Her work urge us to renegotiate mixed media art as being part of a reactive or – at times – autistic medium, commenting on oppressing themes in our contemporary society. With the use of appropriated materials which are borrowed from a day-to-day context, she often creates several practically identical works, upon which thoughts that have apparently just been developed are manifested: notes are made and then crossed out again, ‘mistakes’ are repeated.
Her works isolate the movements of humans and/or objects. By doing so, new sequences are created which reveal an inseparable relationship between motion and sound. By creating situations and breaking the passivity of the spectator, she presents everyday objects as well as references to texts, painting and architecture. Pompous writings and Utopian constructivist designs are juxtaposed with trivial objects. Categories are subtly reversed.
She creates situations in which everyday objects are altered or detached from their natural function.
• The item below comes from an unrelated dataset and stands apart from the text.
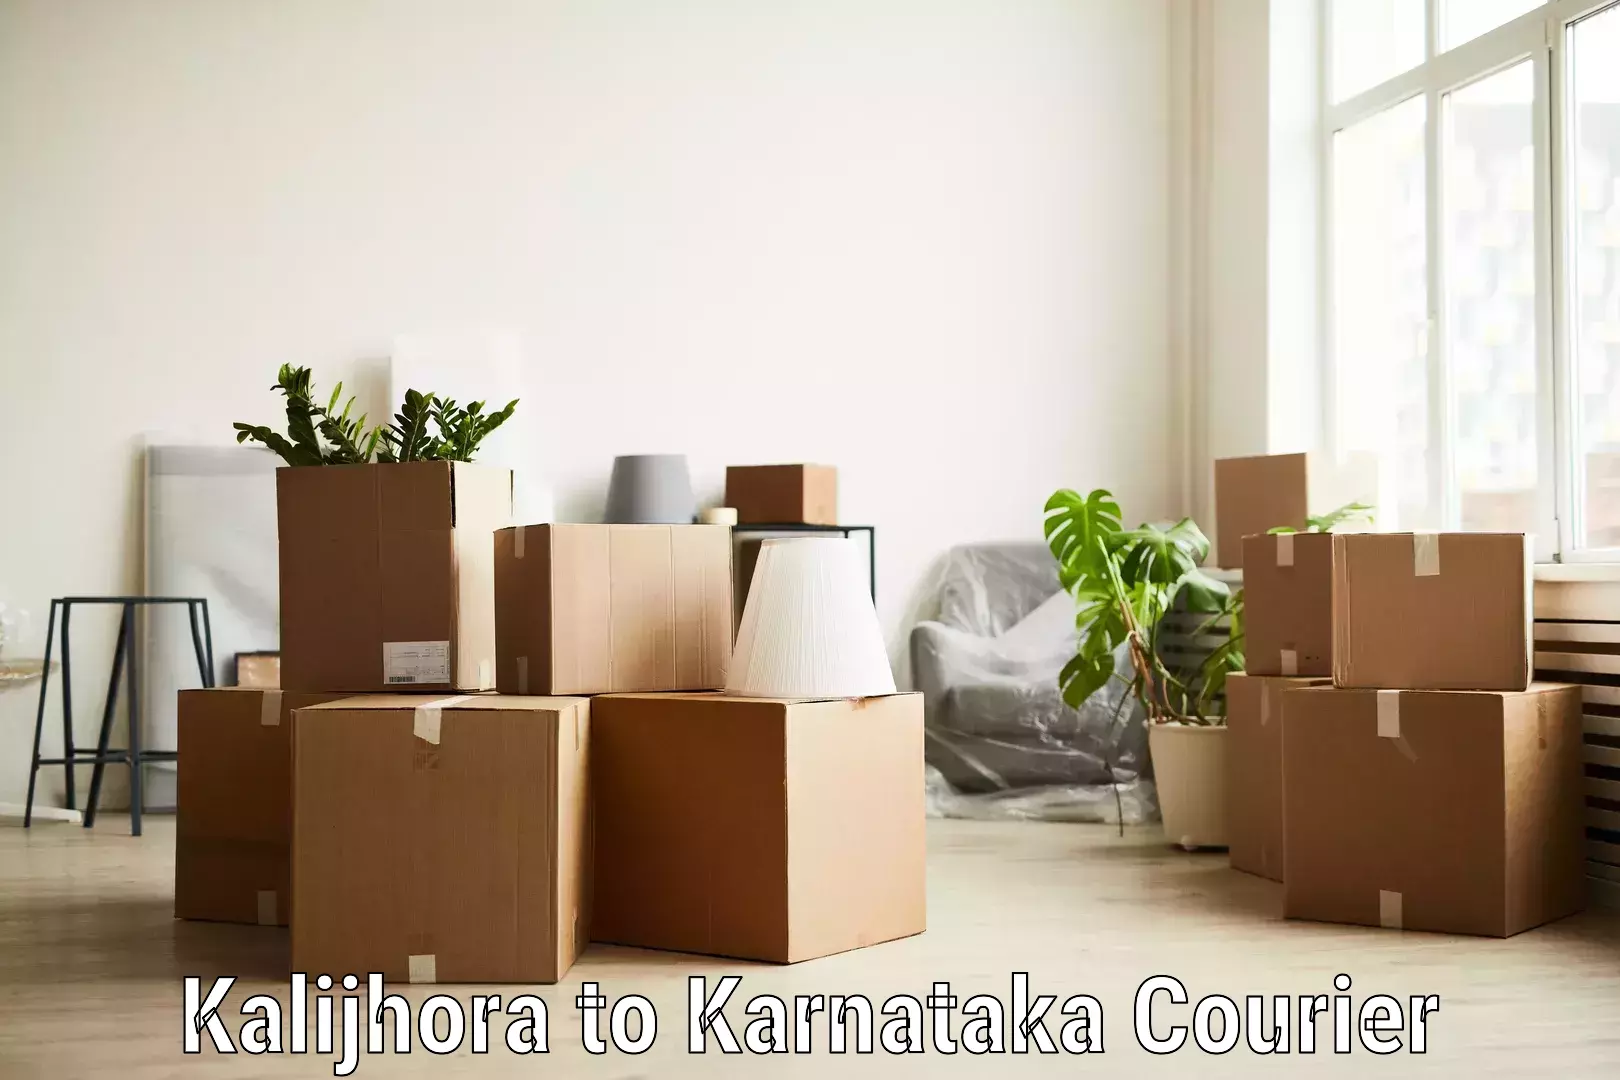 Secure freight services Kalijhora to Karnataka

By applying specific combinations and certain manipulations, different functions and/or contexts are created. By using an ever-growing archive of found documents to create autonomous artworks, she makes work that generates diverse meanings. Associations and meanings collide. Space becomes time and language becomes image.
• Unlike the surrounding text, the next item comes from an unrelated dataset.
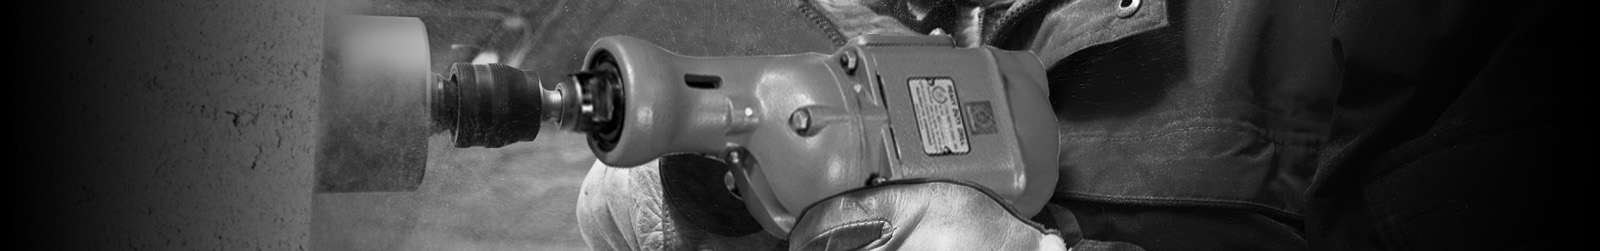 Pistol Grip Drill Supplier

Her works question the conditions of appearance of an image in the context of contemporary visual culture in which images, representations and ideas normally function. By demonstrating the omnipresent lingering of a ‘corporate world’, she tries to grasp language. Transformed into art, language becomes an ornament. At that moment, lots of ambiguities and indistinctnesses, which are inherent to the phenomenon, come to the surface.
Her works focus on the inability of communication which is used to visualise reality, the attempt of dialogue, the dissonance between form and content and the dysfunctions of language. In short, the lack of clear references are key elements in the work. With Plato’s allegory of the cave in mind, she tries to increase the dynamic between audience and author by objectifying emotions and investigating the duality that develops through different interpretations.
Her works are on the one hand touchingly beautiful, on the other hand painfully attractive. Again and again, the artist leaves us orphaned with a mix of conflicting feelings and thoughts. By choosing mainly formal solutions, she tries to develop forms that do not follow logical criteria, but are based only on subjective associations and formal parallels, which incite the viewer to make new personal associations.
Her works are a drawn reflection upon the art of mixed media art itself: thoroughly self-referential, yet no less aesthetically pleasing, and therefore deeply inscribed in the history of modernism – made present most palpably in the artist’s exploration of some of the most hallowed of modernist paradigms. By studying sign processes, signification and communication, she makes work that deals with the documentation of events and the question of how they can be presented. The work tries to express this with the help of physics and technology, but not by telling a story or creating a metaphor.
Her works are an investigation into representations of (seemingly) concrete ages and situations as well as depictions and ideas that can only be realized in mixed media art. Lola Druilhe currently lives and works in Paris.